Poster at Transylvanian Machine Learning Summer School 2018


Dragos Costea, Alina Marcu, Emil Slusanschi, Marius Leordeanu

Road detection from aerial images is a challenging task for humans and machines alike. Occlusion, the lack of visual cues and slim class borders for other road-like structures (such as pathways or private alleys) make the problem inherently ambiguous, requiring logic that goes beyond the input image. We propose a three-stage method for the task of road segmentation - first, an ensemble of multiple U-Net like CNNs generate binary road masks. Second, another CNN learns to refine roads segmentations based on the fusion of the road maps from the first stage. Third, missing links are added based on the inferred graph to improve segmentation.

Keywords: Road segmentation, CNNs, aerial images

Poster at Deepglobe workshop, in conjunction with Computer Vision and Pattern Recognition (CVPR) 2018


2017


Dragos Costea, Alina Marcu, Emil Slusanschi, Marius Leordeanu

Recognizing roads and intersections in aerial images is a challenging problem in computer vision with many real world applications, such as localization and navigation for unmanned aerial vehicles (UAVs). The problem is currently gaining momentum in computer vision and is still far from being solved. While recent approaches have greatly improved due to the advances in deep learning, they provide only pixel-level semantic segmentations. In this paper, we argue that roads and intersections should be recognized at the higher semantic level of road graphs - with roads being edges that connect nodes. Towards this goal we present a method consisting of two stages. During the first stage, we detect roads and intersections with a novel, dual-hop generative adversarial network (DH-GAN) that segments images at the level of pixels. At the second stage, given the pixelwise road segmentation, we find its best covering road graph by applying a smoothing-based graph optimization procedure. Our approach is able to outperform recent published methods and baselines on a large dataset with European roads.

Keywords: Road segmentation, tracing, optimization, CNNs, aerial images

Oral presentation at UAVision Workshop, International Conference of Computer Vision (ICCV) 2017 | Best presentation award


Alina Marcu, Marius Leordeanu

The importance of visual context in object recognition has been intensively studied over the years. Along with the advent of deep convolutional neural networks (CNN), using contextual information with such systems starts to receive attention in the literature. Regardless of deep learning advances, aerial image analysis still poses many great challenges. Satellite images are often taken under poor lighting conditions and contain low resolution objects, many times occluded. For this particular task, visual context could be of great help, but there are still very few papers that consider context in aerial image understanding.Our work addresses the task of object segmentation in aerial images with a novel dual-stream deep convolutional neural network that integrates the local object appearance and global contextual information into a unified network. Our model learns to combine local object appearance and global semantic knowledge simultaneously and in a complementary way, so that together they form a powerful classifier. Experiments on the Massachusetts Buildings Dataset demonstrate the superiority of our model over state-of-the-art methods. We also introduce two new challenging datasets for the task of buildings and road segmentation. While our local-global model could also be useful in general recognition tasks, we clearly demonstrate the effectiveness of visual context in conjunction with deep nets in aerial image understanding.

Keywords: Road segmentation, road vectorization, optimization, CNNs, aerial images

Oral presentation at AI-CAV workshop in conjunction with AAAI 2017, San Francisco (CA).


2016


Alina Marcu, Marius Leordeanu

Visual context is important in object recognition and it is still an open problem in computer vision.
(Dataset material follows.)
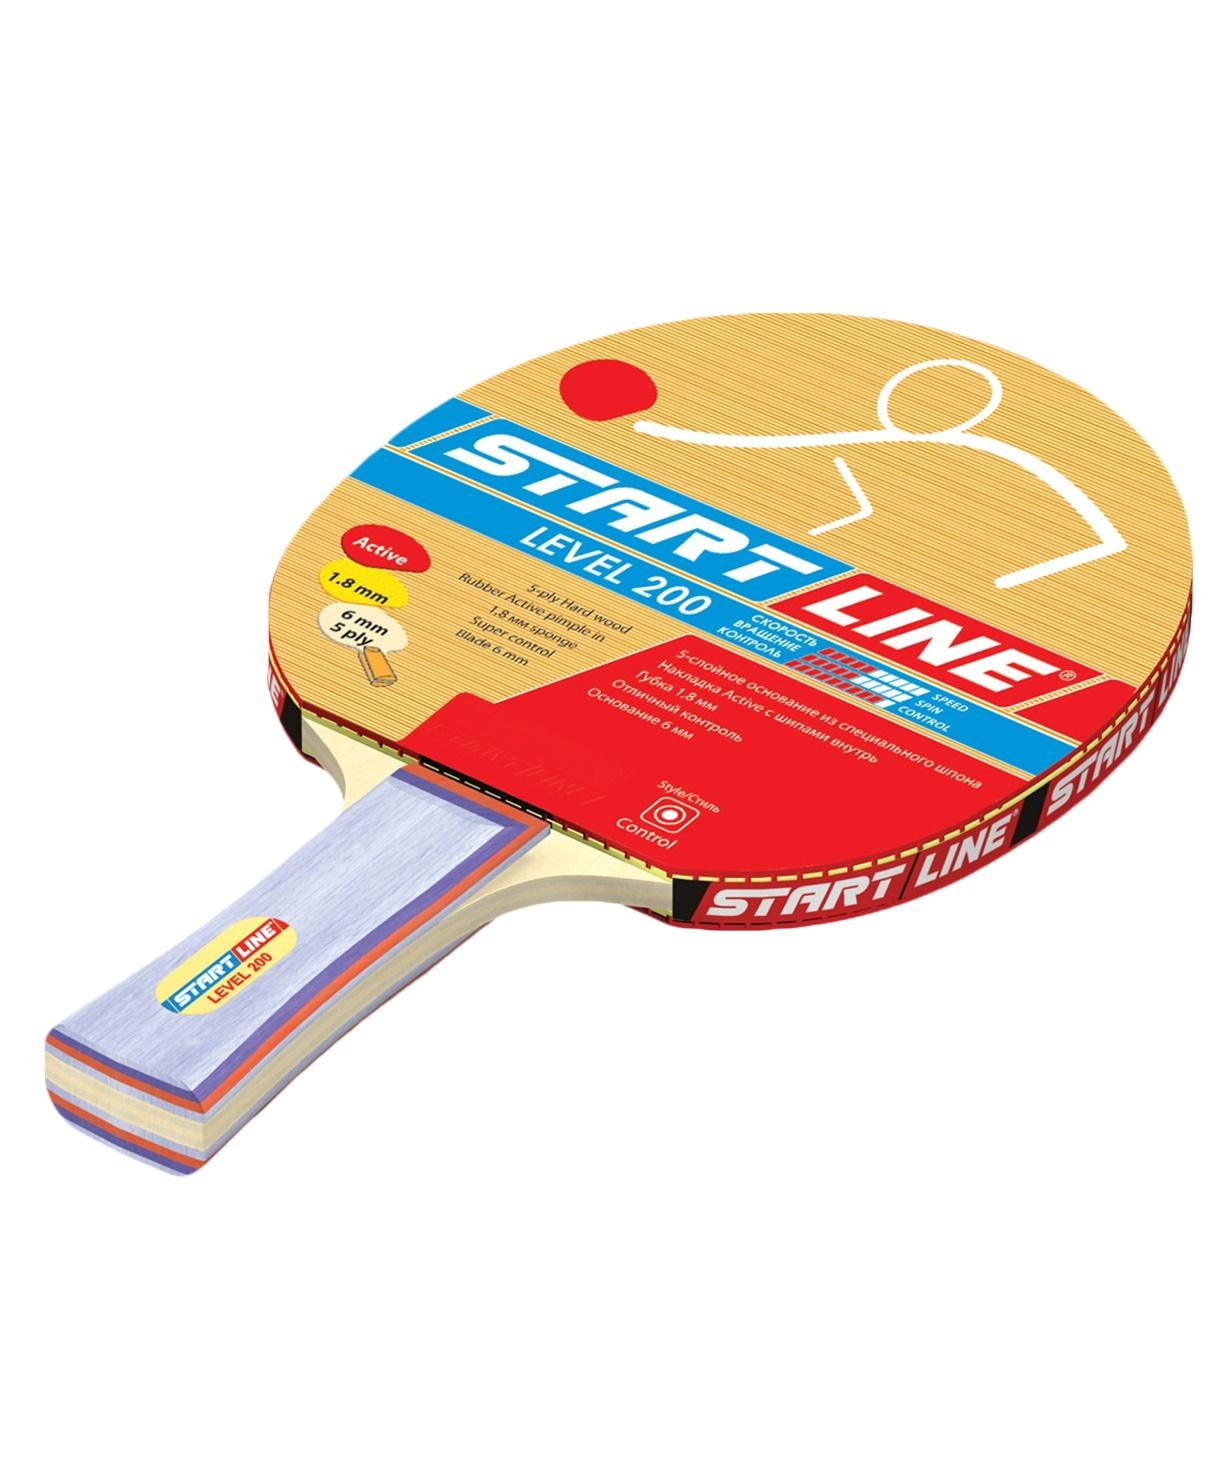 Ракетка для настольного тенниса Start Line 12306 Level 200, черно-красная

Along with the advent of deep convolutional neural networks (CNN), using contextual information with such systems starts to receive attention in the literature. At the same time, aerial imagery is gaining momentum. While advances in deep learning make good progress in aerial image analysis, this problem still poses many great challenges. Aerial images are often taken under poor lighting conditions and contain low resolution objects, many times occluded by trees or taller buildings. In this domain, in particular, visual context could be of great help, but there are still very few papers that consider context in aerial image understanding. Here we introduce context as a complementary way of recognizing objects. We propose a dual-stream deep neural network model that processes information along two independent pathways, one for local and another for global visual reasoning. The two are later combined in the final layers of processing. Our model learns to combine local object appearance as well as information from the larger scene at the same time and in a complementary way, such that together they form a powerful classifier. We test our dual-stream net- work on the task of segmentation of buildings and roads in aerial images and obtain state-of-the-art results on the Massachusetts Buildings Dataset. We also introduce two new datasets, for buildings and road segmentation, respectively, and study the relative importance of local appearance vs. the larger scene, as well as their performance in combination. While our local-global model could also be useful in general recognition tasks, we clearly demonstrate the effectiveness of visual context in conjunction with deep nets for aerial image understanding.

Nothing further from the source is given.